Благословит и отпустит.
И легче на душе сделается у мальчика… Словно просветлеет там…
А во дворец вернется – снова душа замутится, закипит досада, обида в груди. Уж наверное кто-нибудь чем-нибудь да затронут все, самое дорогое ребенку… А в памяти столько злобы, обиды и горя, что довеку не забыть… И опять сожмет губы, замолчит, волчонком ходит и глядит девятилетний великий князь московский Иван Васильевич. Так и прозвали «волчонком» его, кто смел это слово сказать. А митрополит-старик, по уходе ребенка-царя, сидит и думает:
– Чудно́е дитя государь наш малолетний… Чует детская душа, что невзгода и на него, и на Русь пришла… Да что поделаешь? Как оборонять и царя, и землю? Он мал, бояре сильны и грозны… Потерпеть еще надо… Э-хе-хе… Да, надо, надо терпеть, пока Бог грехам терпит… Вот хоть бы насчет силы боярской, сдается, скорпии сами себя с хвоста грызть починают… Вишь, как нужно было им Овчину да со всеми его присными убрать, так Шуйские и Бельских наперед поставили… Из тюрем, из неволи их повыпускали… Мол, все пополам! А как медведя-то свалили, пришла пора шкуру делить, – гляди, сами зубы друг на дружку оскалили… Боярам Бельским одоление Господь бы послал.
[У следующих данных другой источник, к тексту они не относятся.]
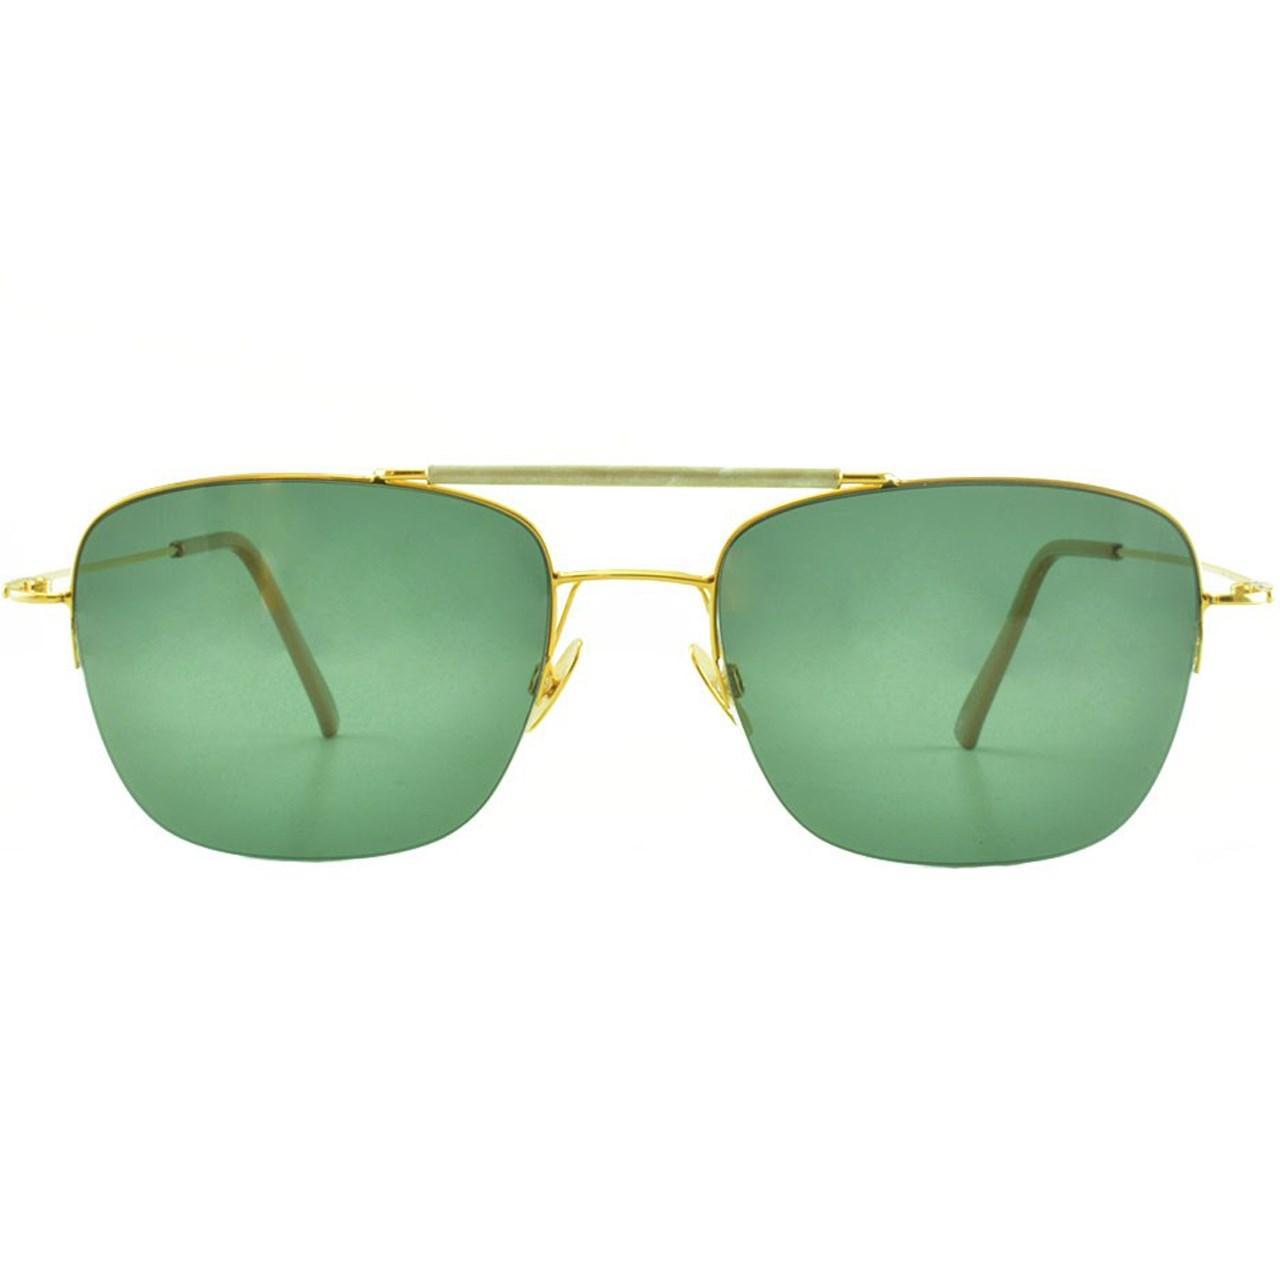 عینک آفتابی Nik03 سری Gold مدل Nk1107 Rgp

Все же люди, не хищные враны, как эти Шуйские… Василий Шуйский погрознее, да стар и хвор… А Иван – та гадина опасная, хитрая… Ну да что там?! Что было, то видели; что будет, поглядим еще… На все воля Господня…
Вздохнул и за книги свои принялся.
Старик ясно видел, в чем горе для Руси.
Каждый из союзников, какими явились два знатнейших рода – Бельских и Шуйских – пожелал прочнее в свои руки власть забрать, если не совсем, то хоть до того времени, когда государю пятнадцать лет стукнет и, согласно завещанию родительскому, снимется с него опека боярская, сам володеть всем начнет, как предки правили…
А для укрепления власти в эти давние времена был один прямой путь: везде и всюду «своих» людей насажать, и земель побольше, и угодий, и денег, и почету тем доставить, кто и мечом, и словом в трудную годину подсобит, выручит…
Шуйские своих тянут, Бельские – своих…
Сперва Шуйские одолели. Но году не прошло, как умер Василий, старший воинственный брат, герой литовского похода: от гнева ярого ударом скончался старик.
Иван Шуйский ему наследовал как глава рода. Тут и окрепли Бельские. Патрикеевых к себе, Хабаров, Иван Ивановича прилучили. Тучковы-бояре с ними же… И стали везде своих друзей сажать.
Было положено начало смуте еще в 1538 году, при Данииле-митрополите. Собрались, сговорились тогда Шуйские… Напали на Бельских с ихней дружиною… Кого по тюрьмам рассадили, кого в деревню выслали. А дьяка Мишурина, ближнего слугу покойного царя Василия, прямо без приказу государева нагим раздели и голову прочь! Тут же у тюрем, где Бельский был засажен. Даниила на житие в дальний монастырь выслали, а на его место Иоасафа поставили.
Выше мы видели, что думал год спустя, в 1539 г., митрополит Иоасаф, хотя и поставленный Шуйскими, но не любивший их.
Летом же 1540 года, то есть еще год спустя, когда десятилетний царь пришел в один из больших праздников с митрополитом здороваться, тот ему и сказал, подавая какую-то бумагу:
– Прочти, государь… Что молвишь?
Прочел Иван, заблестели глаза. Уж многое он ясно понимать стал, не по годам даже.
– Бельского на волю пустить? Господи! Да конечно! Все же я обиды такой от него, как от Шуйских, не знал и не видел… Да как Шуйские? Разве позволят? Вон дядя Иван и меня самого, было, раз чуть не прибил… Никого близко не нашлось… заступиться было некому, так он…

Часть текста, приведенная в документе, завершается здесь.